The Capitol [is so called, because it] was the head of the world, where the consuls and senators dwelled to govern the Earth. The face was covered with high walls and strong, rising above the top of the hill, and covered all over with glass and gold and marvelous carved work. [And in the Capitol were molten images of all the Trojan kings and of the emperors. Within the fortress was a palace all adorned with marvelous works in gold and silver and brass and costly stones, to be a mirror to all nations, [which was said to be worth the third part of the world].

[...]

Near this house was the palace of Catiline, where the Church of Saint Anthony stood. Near that is a place that is called Hell, because in ancient times it burst forth there, and brought great mischief upon Rome, until a certain noble knight, to the intent that the city should be delivered after the responses of their gods, donned his harness and cast himself into the pit, and the earth closed, and the city was delivered.

There is the temple of the Vesta, where it is said that a dragon crouches below, as we read in the life of Saint Silvester. [30]

[30] Nichols adds, in two separate footnotes.

"Locus qui dicitur inferno, eo quod antiquo tempore ibi eructabat. This name is still preserved in the Church of S. Maria Libera nos a poenis Inferni. The hollow vaults under the towering ruins of the Palatine seemed to have suggested fearful associations, which recalled at the same time the yawning pit of Curtius and the legendary cave of St. Silvester.

The legend of St. Silvester and the dragon was associated with various localities in Rome. The ancient legendaries place it in the Capitol, the Ordo Romanus of Benedict ner St. Lucia in Orpheo. Among the pilgrims of the Infernus, by the temple of Vesta was believed to be the spot. In later medieval legendary not specific locality is mentioned, but the saint descends into the pit by a hundred and fifty-two steps, binds the mouth of the dragon, and shuts him there until the day of doom.”
There was a candlestick made of stone Albiston, which, once kindled and set in the open air, was never by any means quenched. There, moreover, is the image of our Lord behind the altar, painted by no human hand, after the fashion of our Lord in the flesh.

[...]

At Saint Mary in Fontana, the temple of Faunus, was the idol that spoke to Julian and beguiled him. [31]
[31] Nichols adds, “The legend, that Julian was lead astray by the speech of an idol in the temple of Faunus, is not found elsewhere. There is another legend, that he took an idol of Mercury out of the Tiber, and the demon within it induced him to renounce Christianity and gave him an empire.”

Conclusion

These and many more temples and palaces of emperors, consuls, senators, and prefects were in the time of the heathen within this Roman city, as we have read in old chronicles, seen with our eyes, and have heard tell of ancient men.
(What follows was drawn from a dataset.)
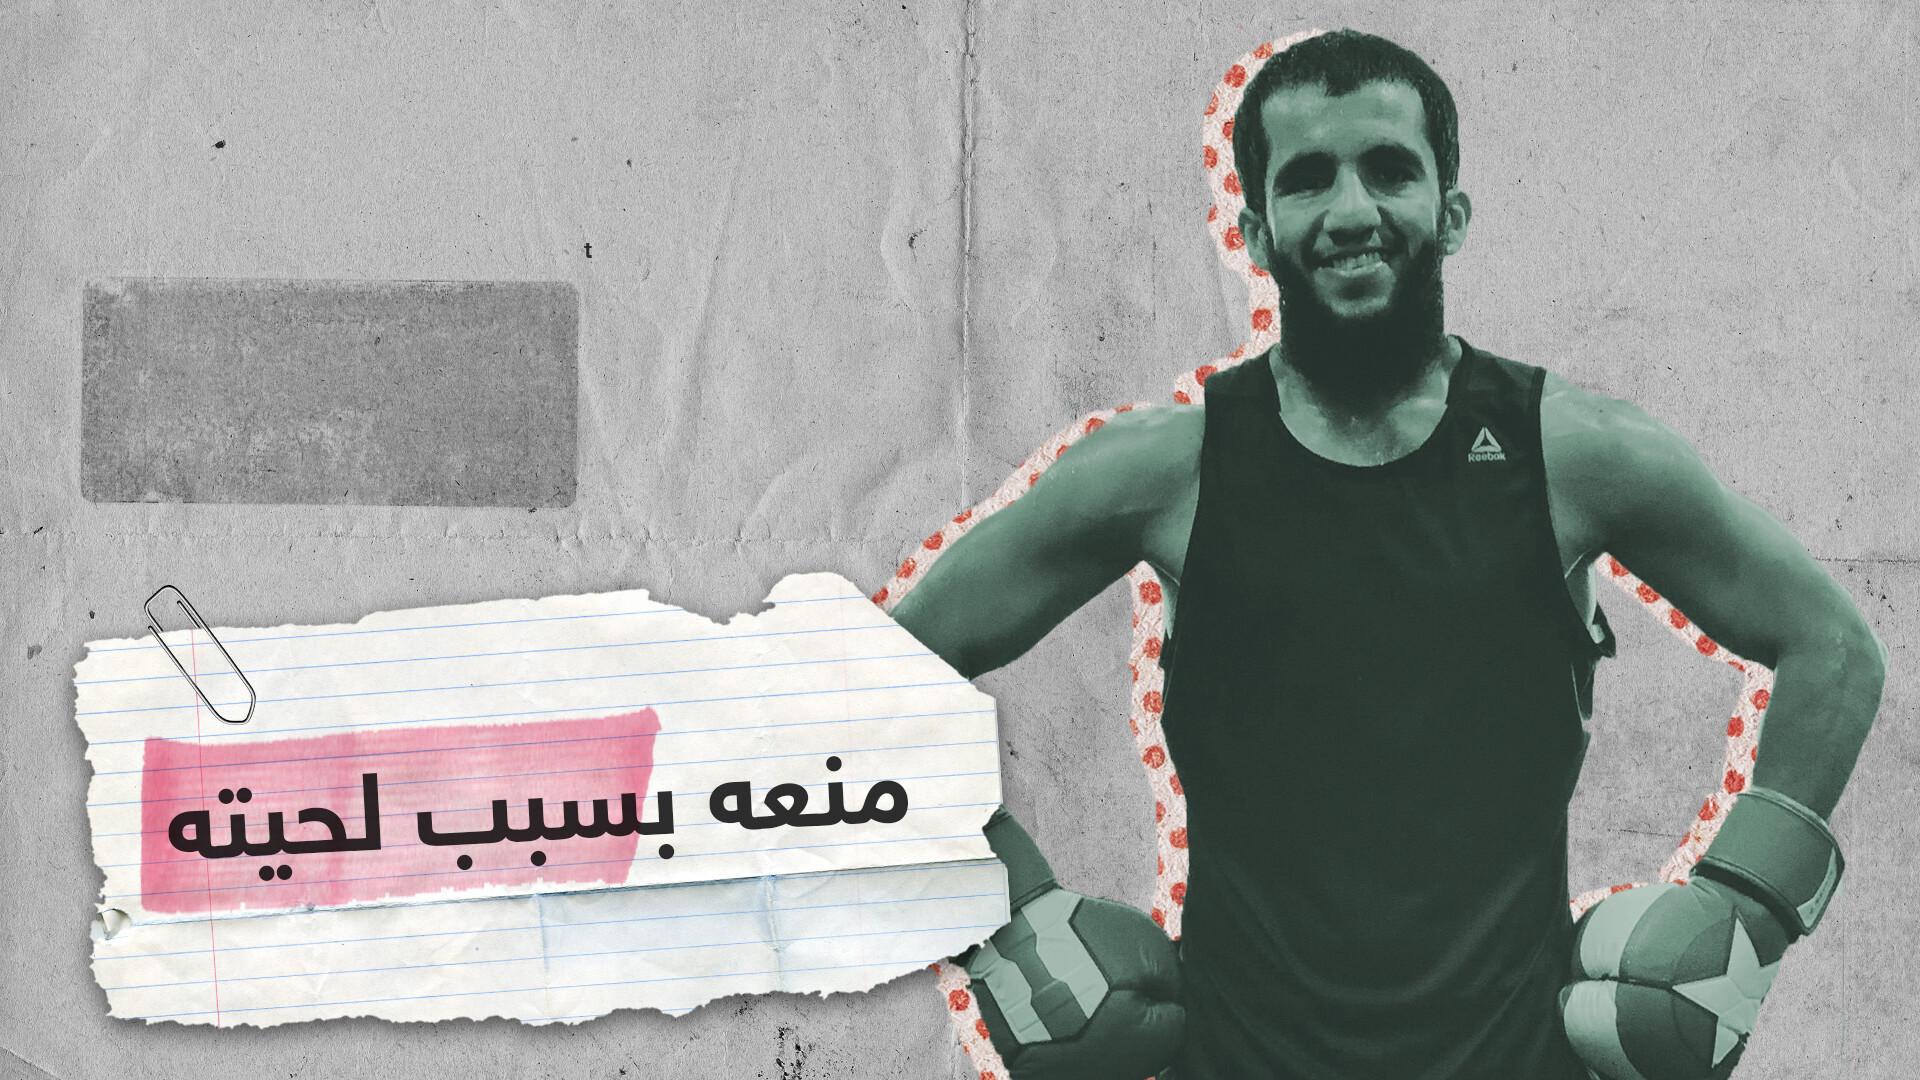 منع كويتي من المشاركة ببطولة في الإمارات بسبب

And moreover, how great was their beauty in gold, and silver, and brass, and ivory, and precious stones, we have endeavoured in writing, as well as we could, to bring back to the remembrance of mankind.

Hubert Robert

Final Notes

The Mirabilia Urbis Romae is supririsngly competent. Sure, there are errors and tall tales, but it's also a practical guidebook. It's far more grounded than In Cath Catharda or the travels of John Mandeville. The nomenclature is speculative at best, but it's a work of practical sense over entertaining fantasy... most of the time.